Okay so I've finally had clear headspace to think about this. Everything in pybeach is vectorized. If your profiles all share the same x-coordinate, you can pass in a m*n matrix of z-values (where m is the number of profiles and n is the same length as x). So your code above can be written like this:

# List of x and y coordinates for a number of profiles
x = [0,1, 2, 3, ...)] # all profiles share same x-coordinate
y_matrix = [(0.1, 0.2, 0.3,...), (0.1, 0.2, 0.3,...), ...]

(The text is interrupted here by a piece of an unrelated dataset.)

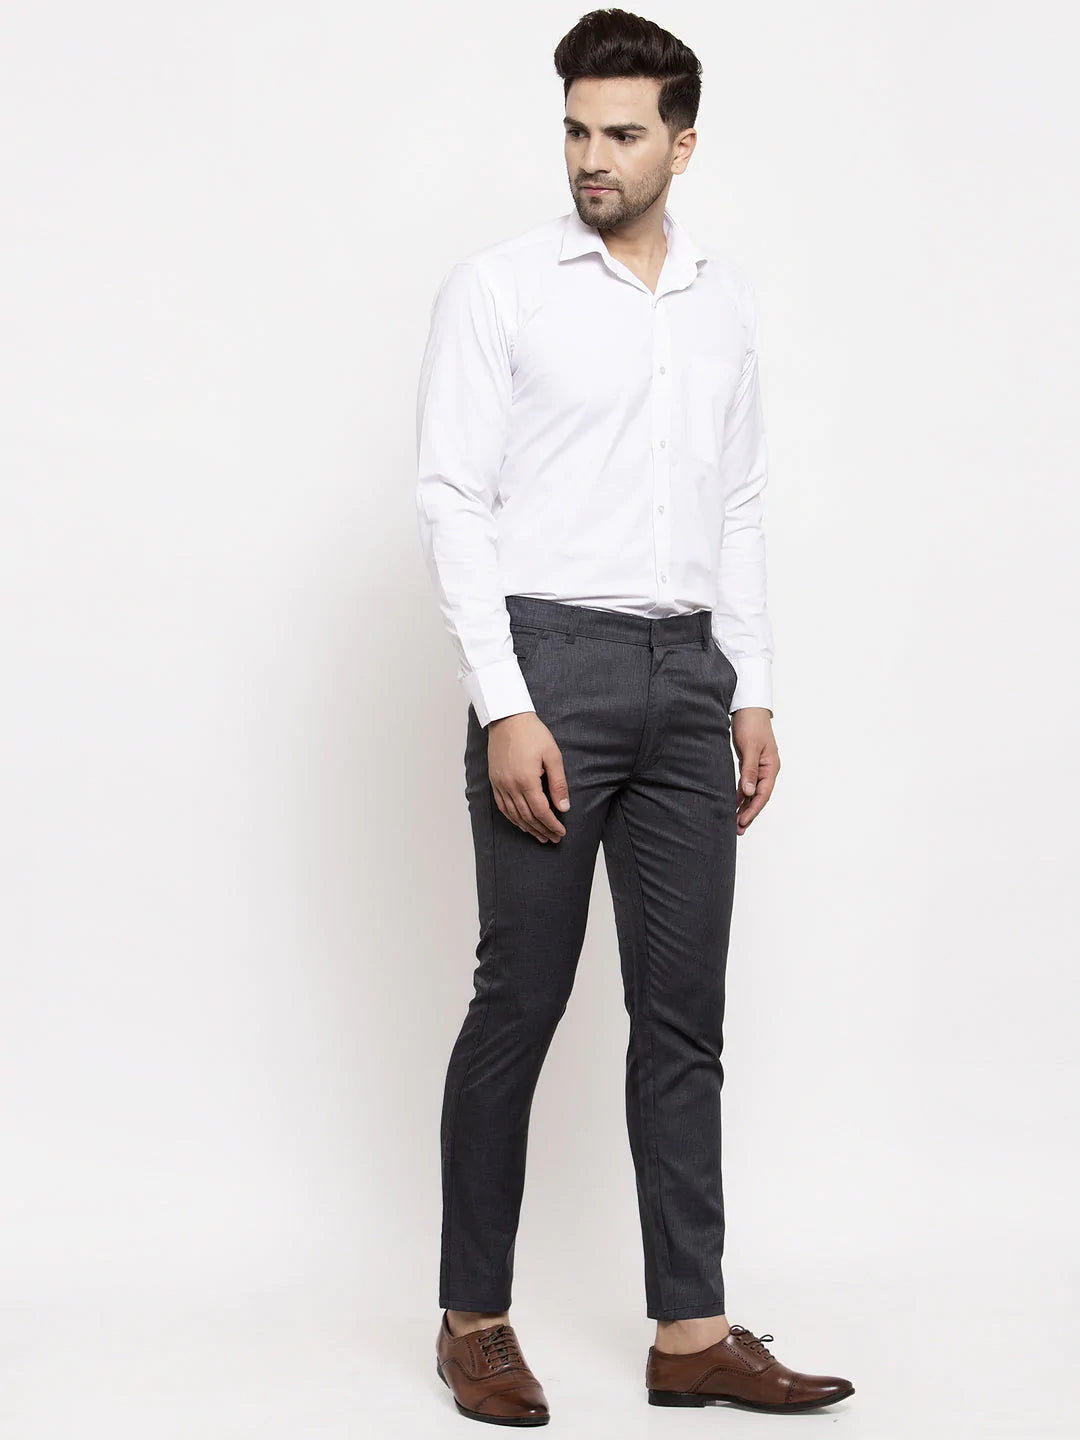 Jainish Men's Black Cotton Solid Formal Trousers ( FGP 258Charcoal )

# Create a single Profile class for handling all profiles (ML model will be loaded only once)
p = Profile(x, y_matrix)
toe_ml, prob_ml = p.predict_dunetoe_ml('wave_embayed_clf') # toe ml will have length equivalent to number of rows in  y_matrix

As mentioned, pybeach assumes that all profiles share the same x-coordinate (which in your toy example seems to be the case). However, I have not yet implemented handling of the case where you pass in a matrix of different x-coordinate vectors which correspond to a matrix of profiles. That's on the list and I'll implement in the coming weeks.

chrisleaman commented 4 years ago

Ah nice! I hadn't thought of passing a matrix but that makes sense. One thing doing it this way is that n would have to be the same for all profiles, which means you'd have to pad the matrix with np.nan's for short profiles. I wonder if this would be a problem for the ML approach.

Otherwise modifying the code to handle a matrix of x-coords as well sounds like a good idea. Feel free to assign any tasks/issues to me as well ๐Ÿ˜Š

TomasBeuzen commented 3 years ago

Doing some repo clean-up...

Closing this as there's no further action required.